■ **Records for the exercise**:
----

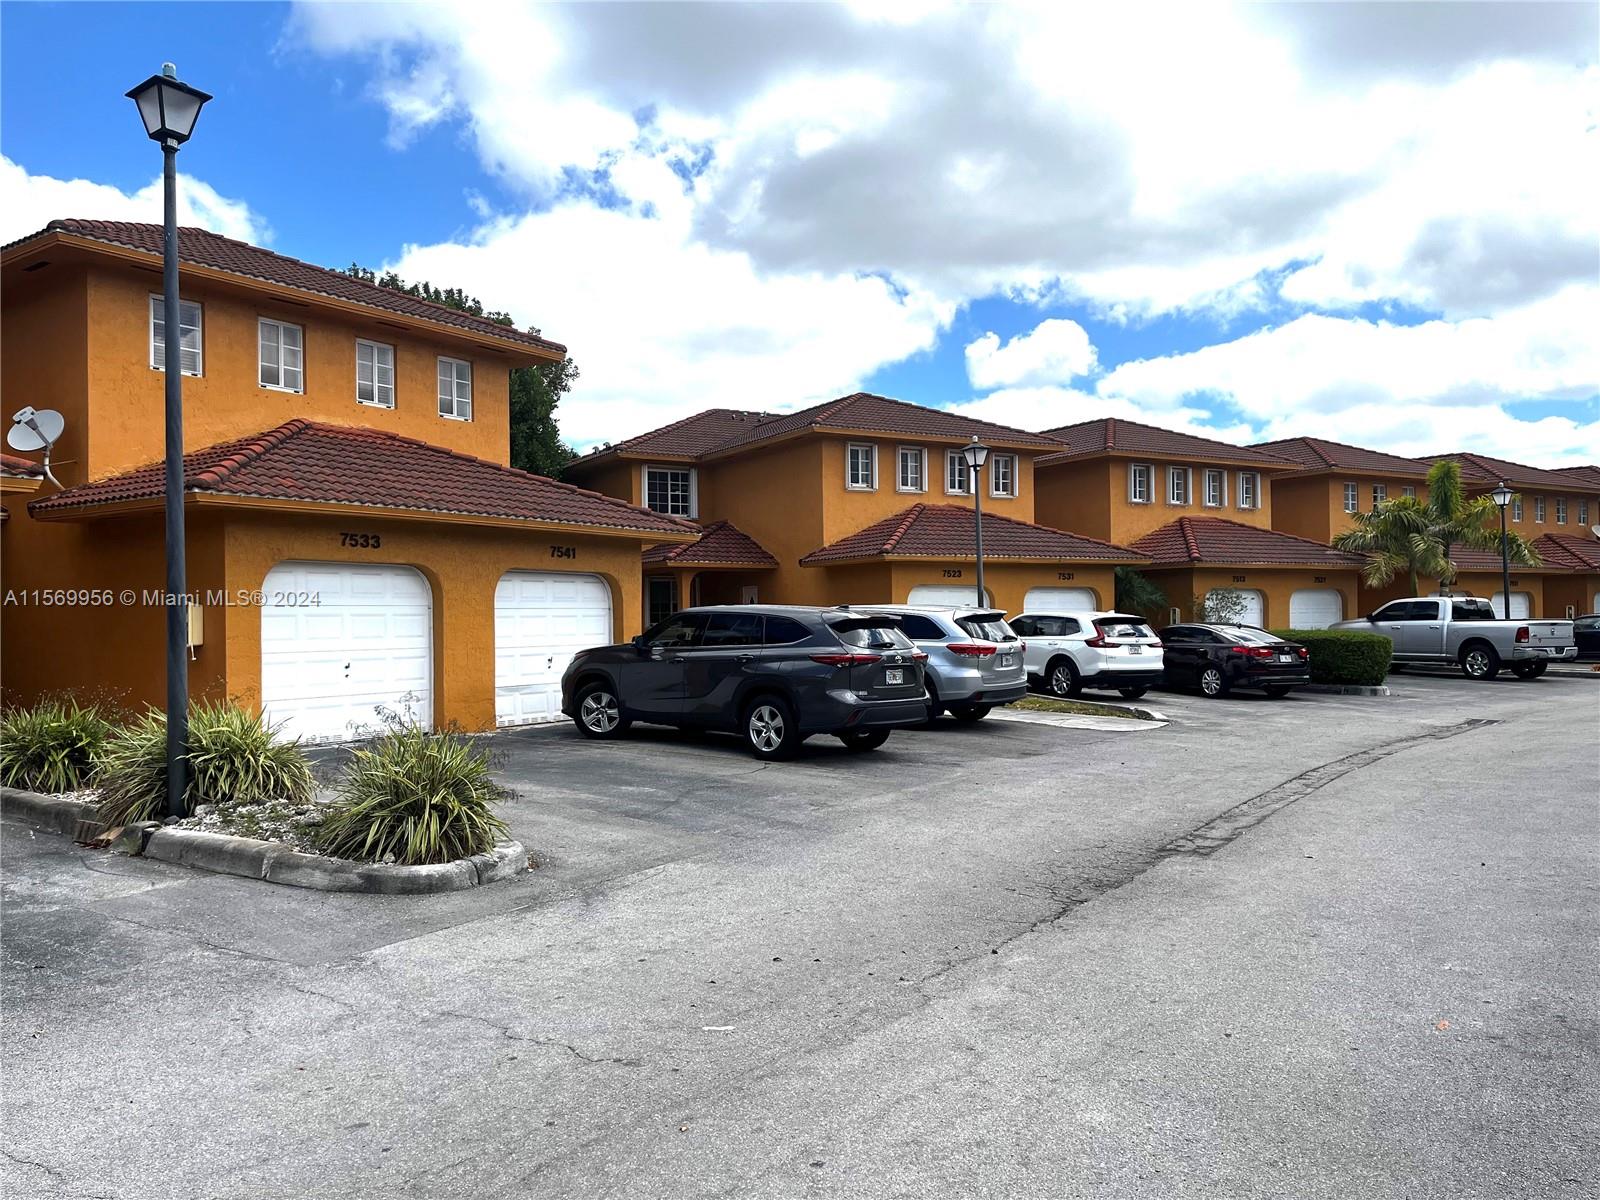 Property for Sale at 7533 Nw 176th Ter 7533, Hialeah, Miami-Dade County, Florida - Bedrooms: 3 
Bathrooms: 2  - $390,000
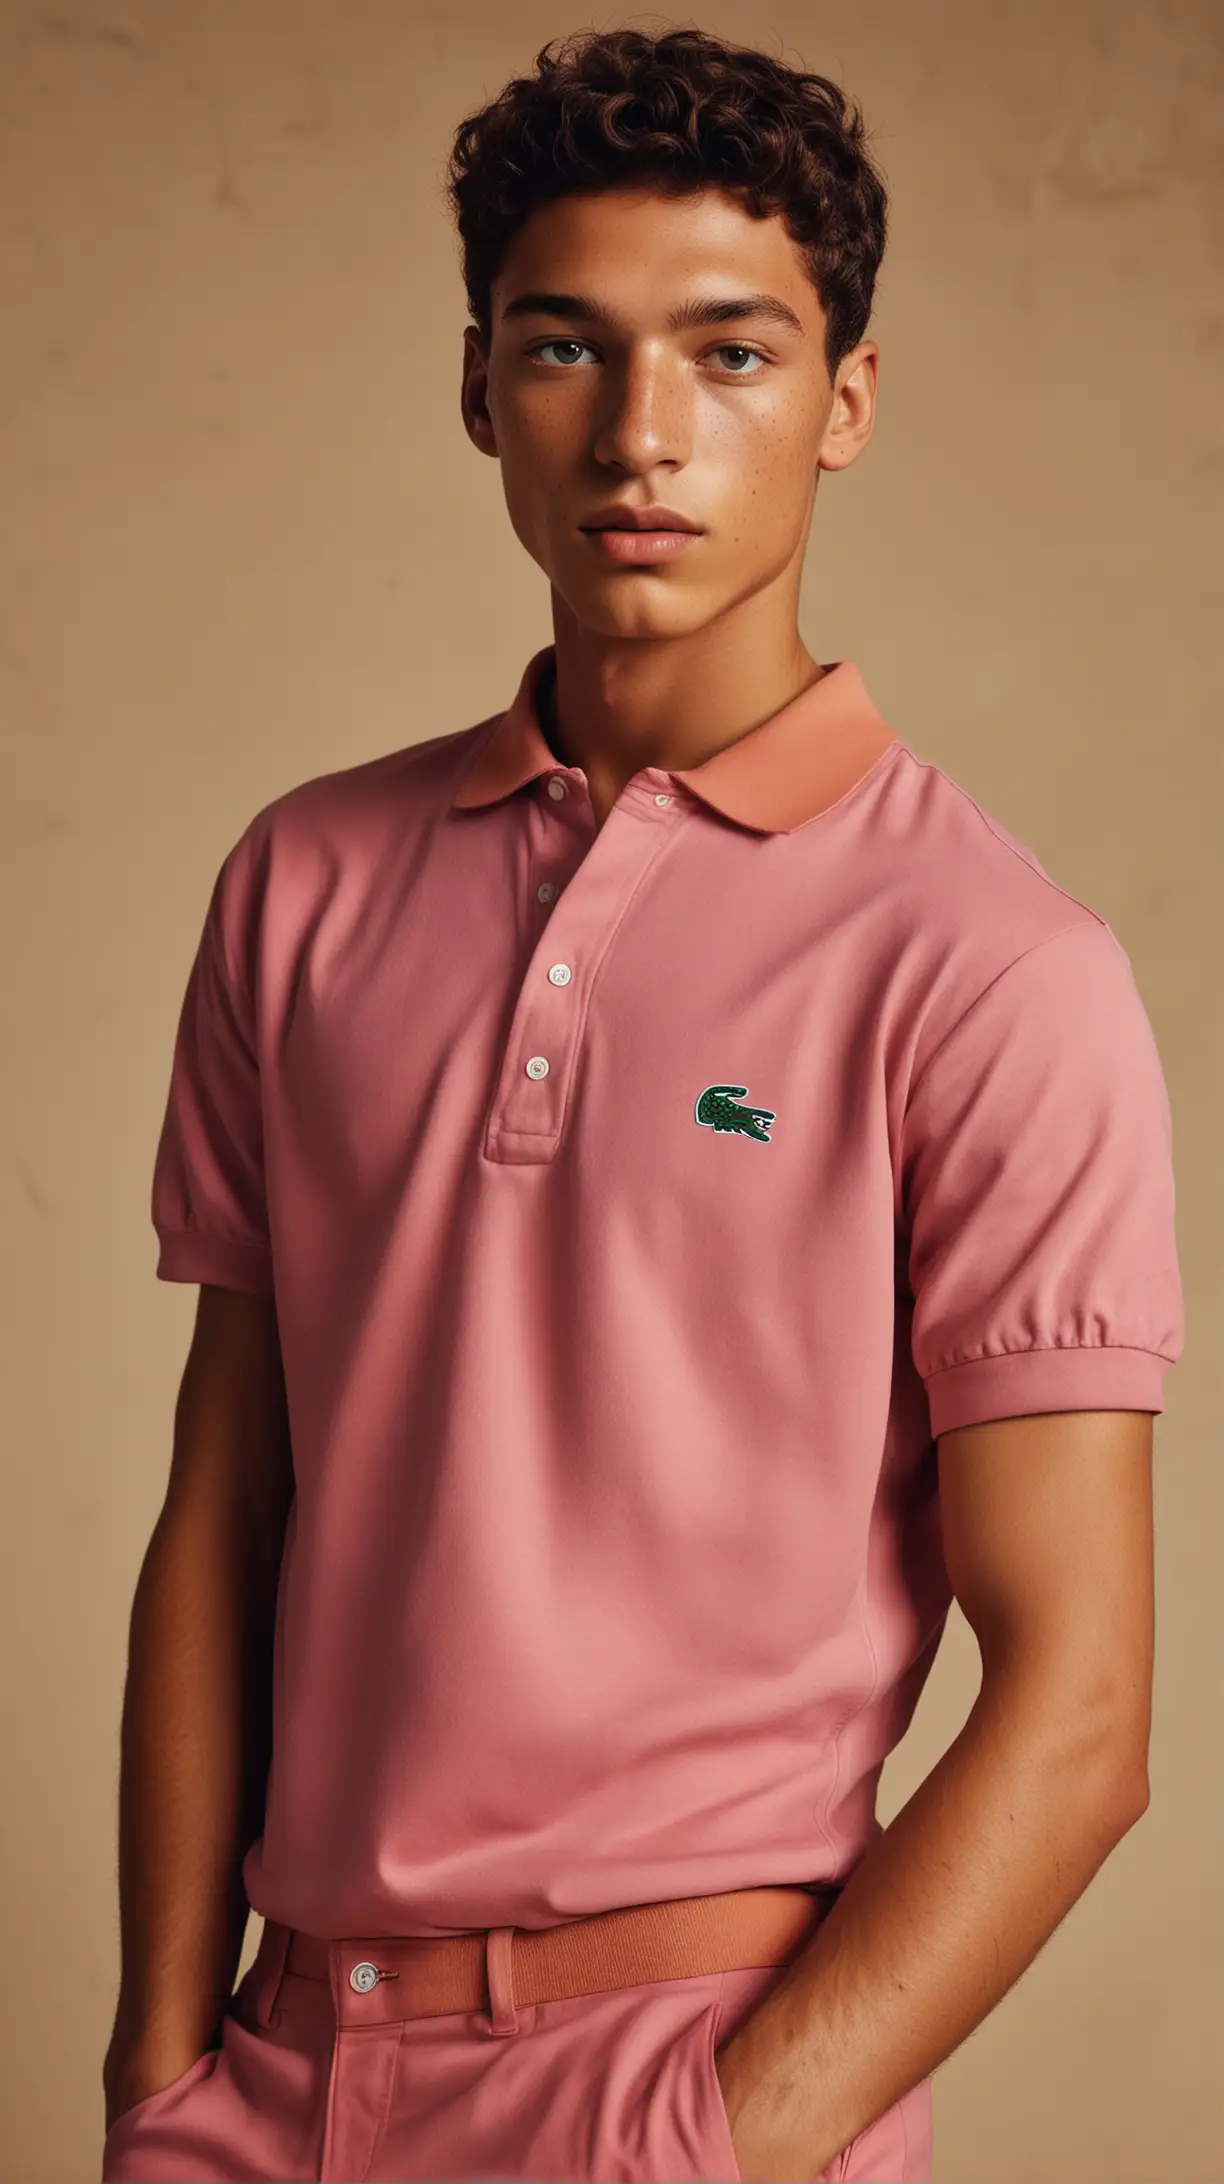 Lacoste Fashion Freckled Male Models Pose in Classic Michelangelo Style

----

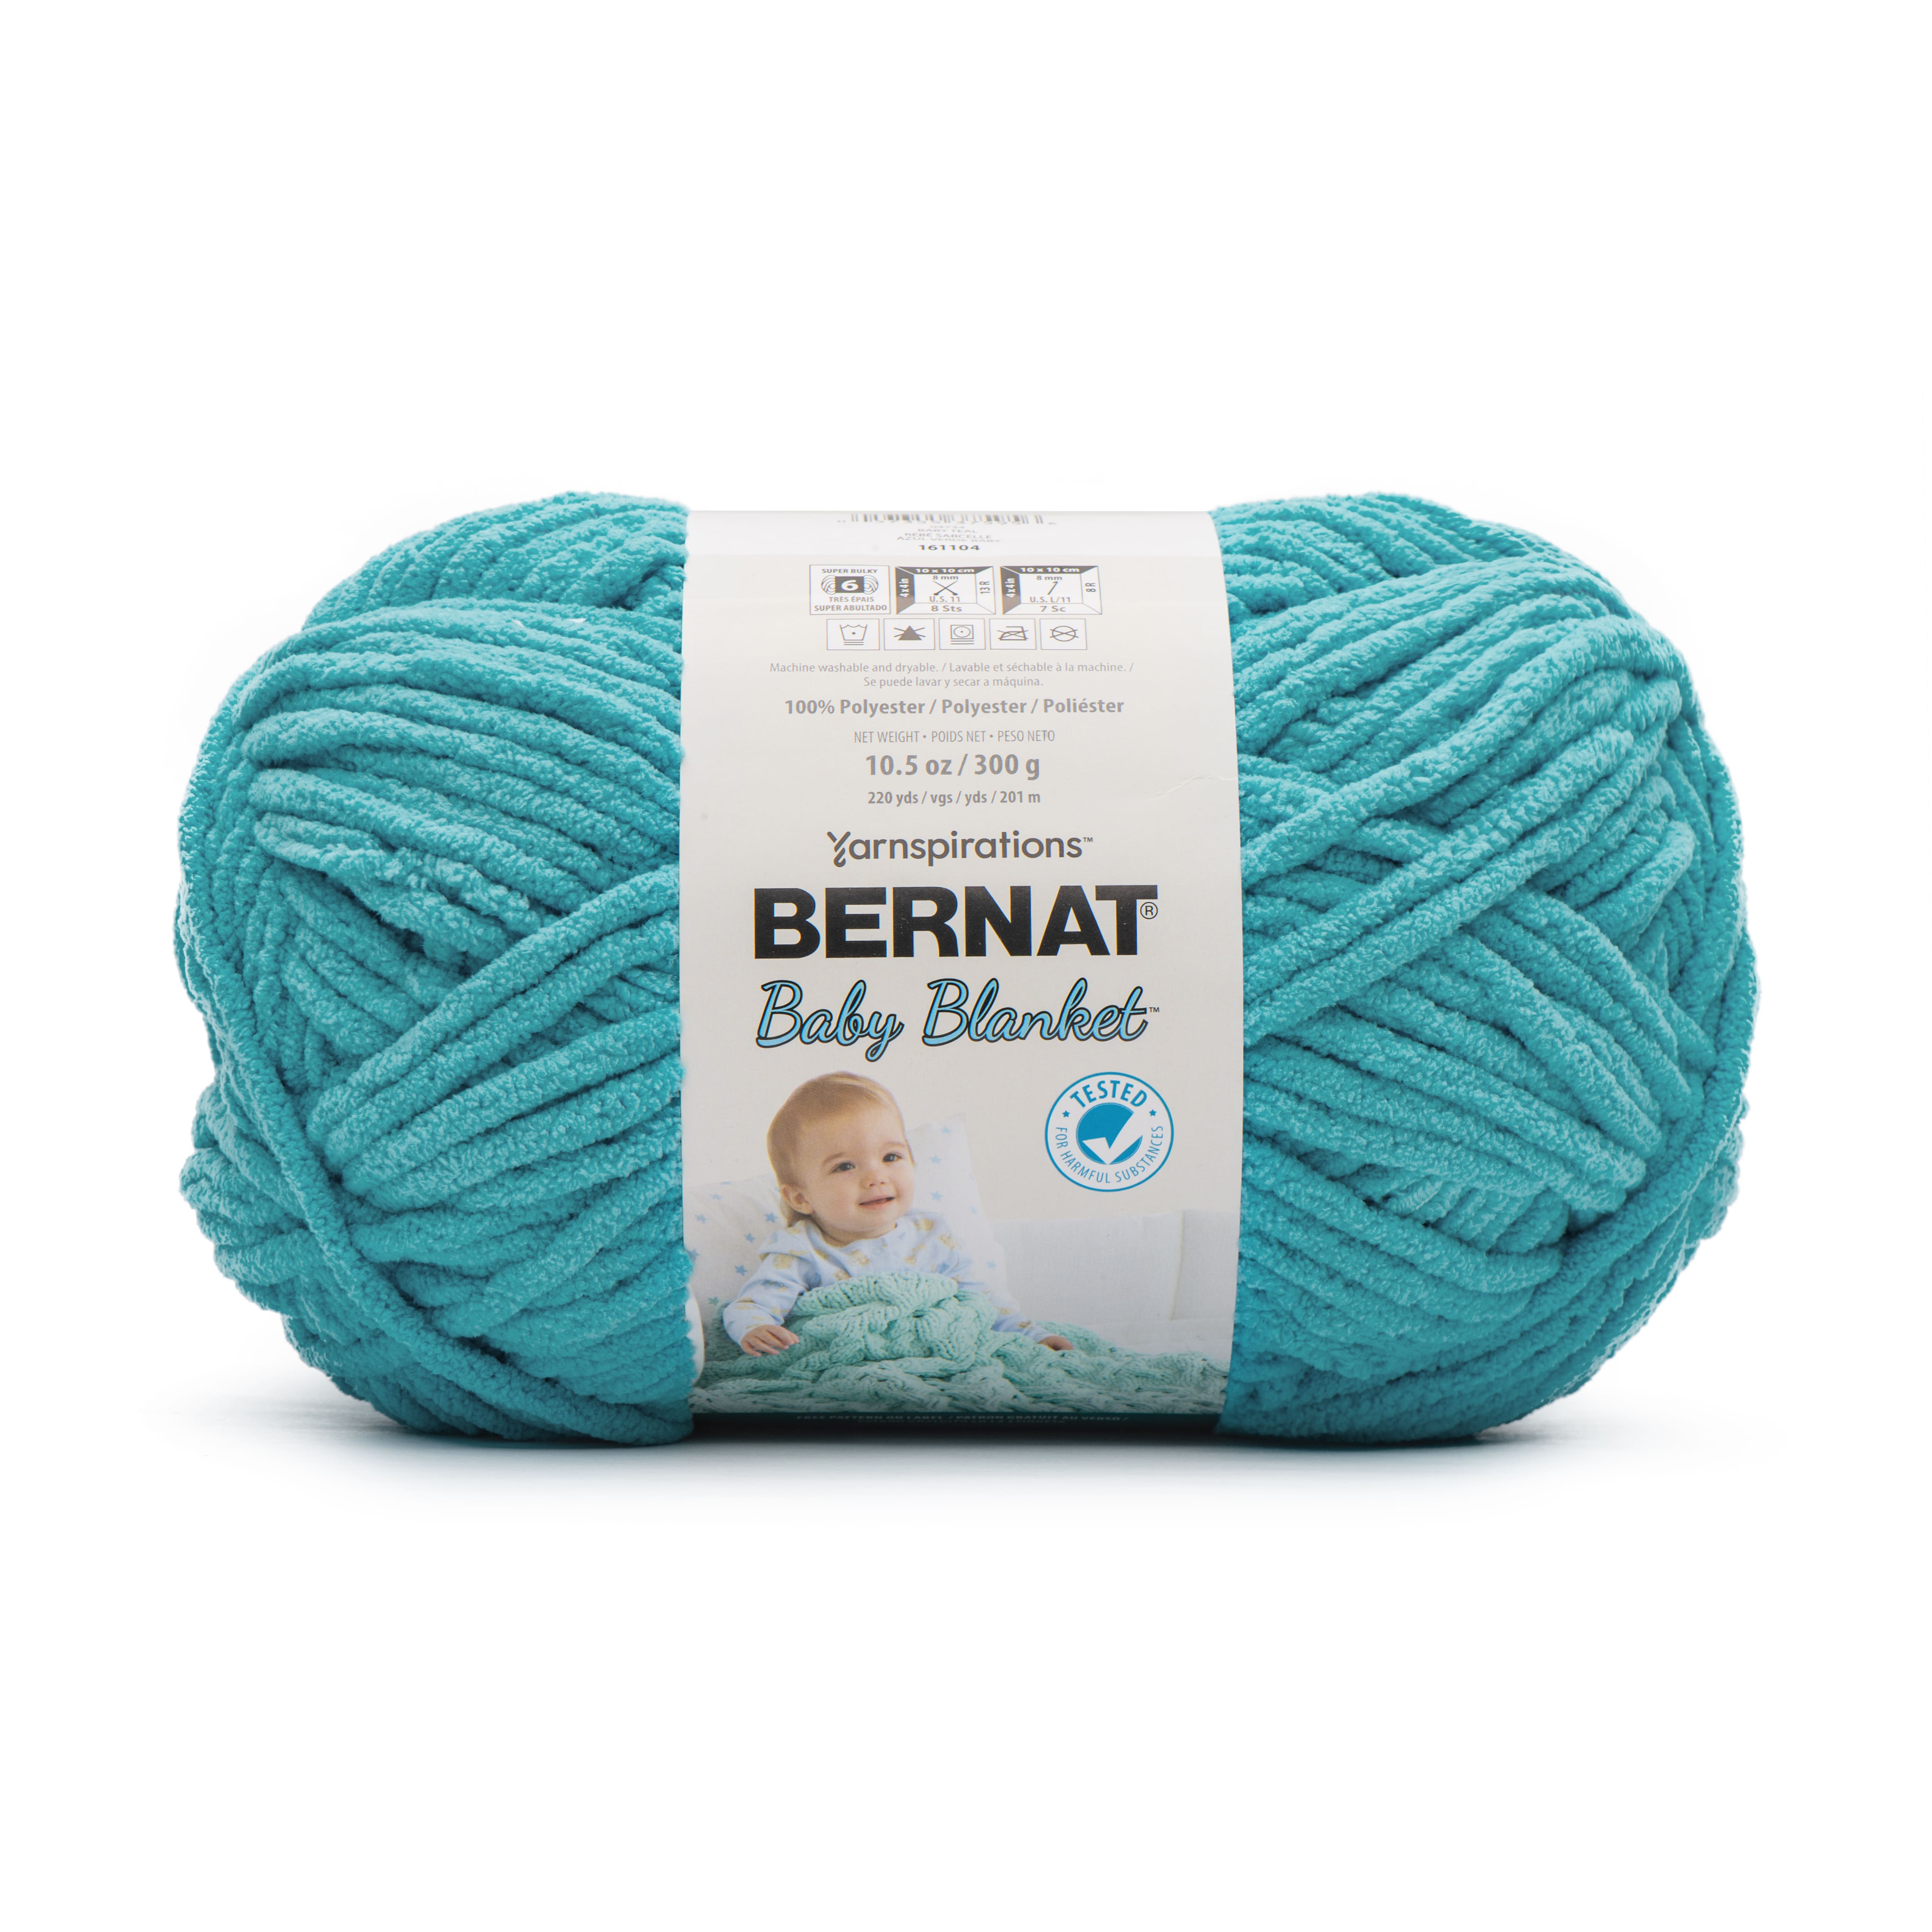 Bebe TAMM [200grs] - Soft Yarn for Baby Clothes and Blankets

----

■ **What the task requires**: Beginning at the line above that contains "Property for Sale" and going on through the line that contains "Lacoste Fashion Freckled", please copy every line exactly, leaving the pictures out and adding nothing.

■ **Written reply**:
 Property for Sale at 7533 Nw 176th Ter 7533, Hialeah, Miami-Dade County, Florida - Bedrooms: 3 
Bathrooms: 2  - $390,000
 Lacoste Fashion Freckled Male Models Pose in Classic Michelangelo Style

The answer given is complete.